Spleen tyrosine kinase (SYK) is a key integrator of intracellular signals triggered by activated immunoreceptors, including Bcell receptors (BCR) and Fc receptors, which are important for the ...development and function of lymphoid cells. Given the clinical efficacy of Bcell depletion in the treatment of rheumatoid arthritis and multiple sclerosis, pharmacological modulation of Bcells using orally active small molecules that selectively target SYK presents an attractive alternative therapeutic strategy.
A SYK inhibitor was developed and assayed in various in vitro systems and in the mouse model of collagen-induced arthritis (mCIA).

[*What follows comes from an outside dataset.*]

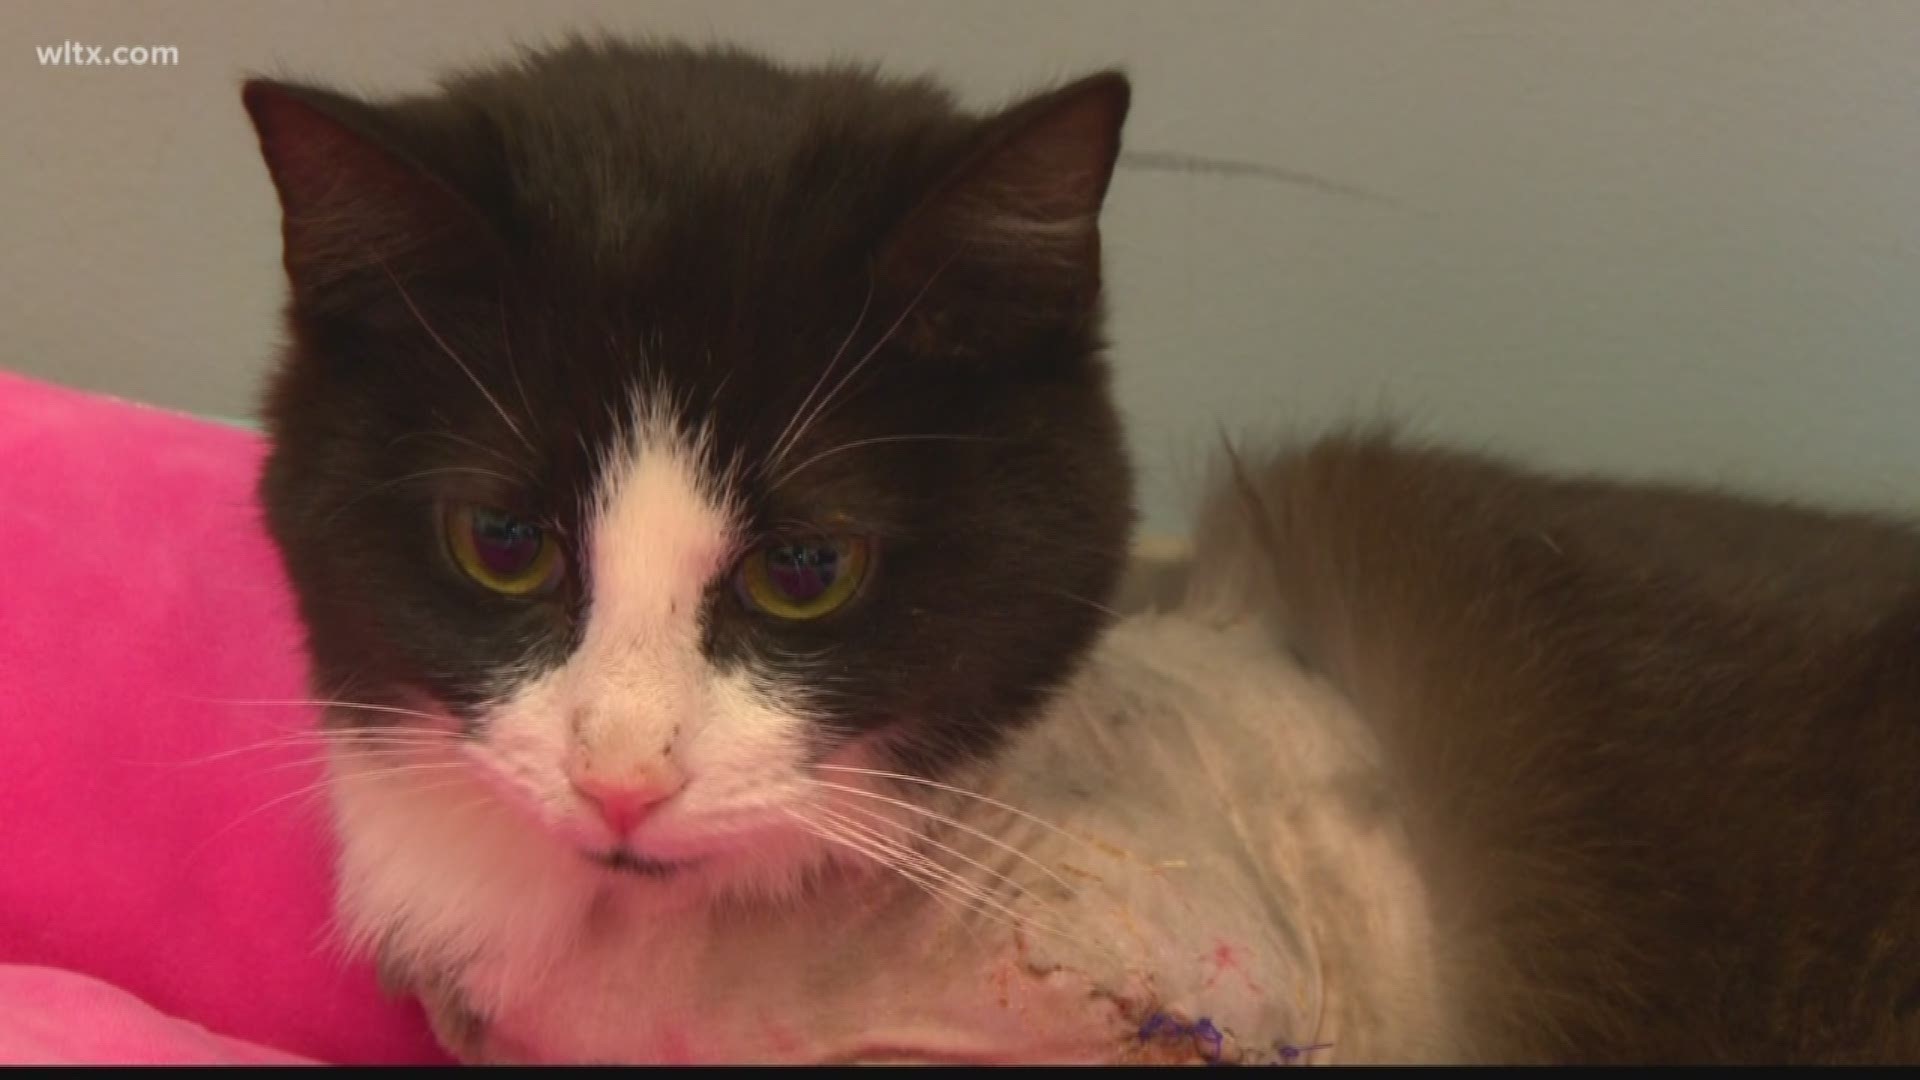 Vets at the Kershaw County Humane Society are taking care of a cat they say was shot multiple times in the legs.

A novel ATP-competitive inhibitor of SYK, 6-(1R,2S)-2-Amino-cyclohexylamino-4-(5,6-dimethyl-pyridin-2-ylamino)-pyridazine-3-carboxylic acid amide, designated RO9021, with an adequate kinase selectivity profile and oral bioavailability, was developed. In addition to suppression of BCR signaling in human peripheral blood mononuclear cells (PBMC) and whole blood, FcγR signaling in human monocytes, and FcϵR signaling in human mast cells, RO9021 blocked osteoclastogenesis from mouse bone marrow macrophages in vitro. Interestingly, Toll-like Receptor (TLR) 9 signaling in human Bcells was inhibited by RO9021, resulting in decreased levels of plasmablasts, immunoglobulin (Ig) M and IgG upon B-cell differentiation. RO9021 also potently inhibited type I interferon production by human plasmacytoid dendritic cells (pDC) upon TLR9 activation. This effect is specific to TLR9 as RO9021 did not inhibit TLR4- or JAK-STAT-mediated signaling. Finally, oral administration of RO9021 inhibited arthritis progression in the mCIA model, with observable pharmacokinetics (PK)-pharmacodynamic (PD) correlation.
Inhibition of SYK kinase activity impinges on various innate and adaptive immune responses. RO9021 could serve as a starting point for the development of selective SYK inhibitors for the treatment of inflammation-related and autoimmune-related disorders.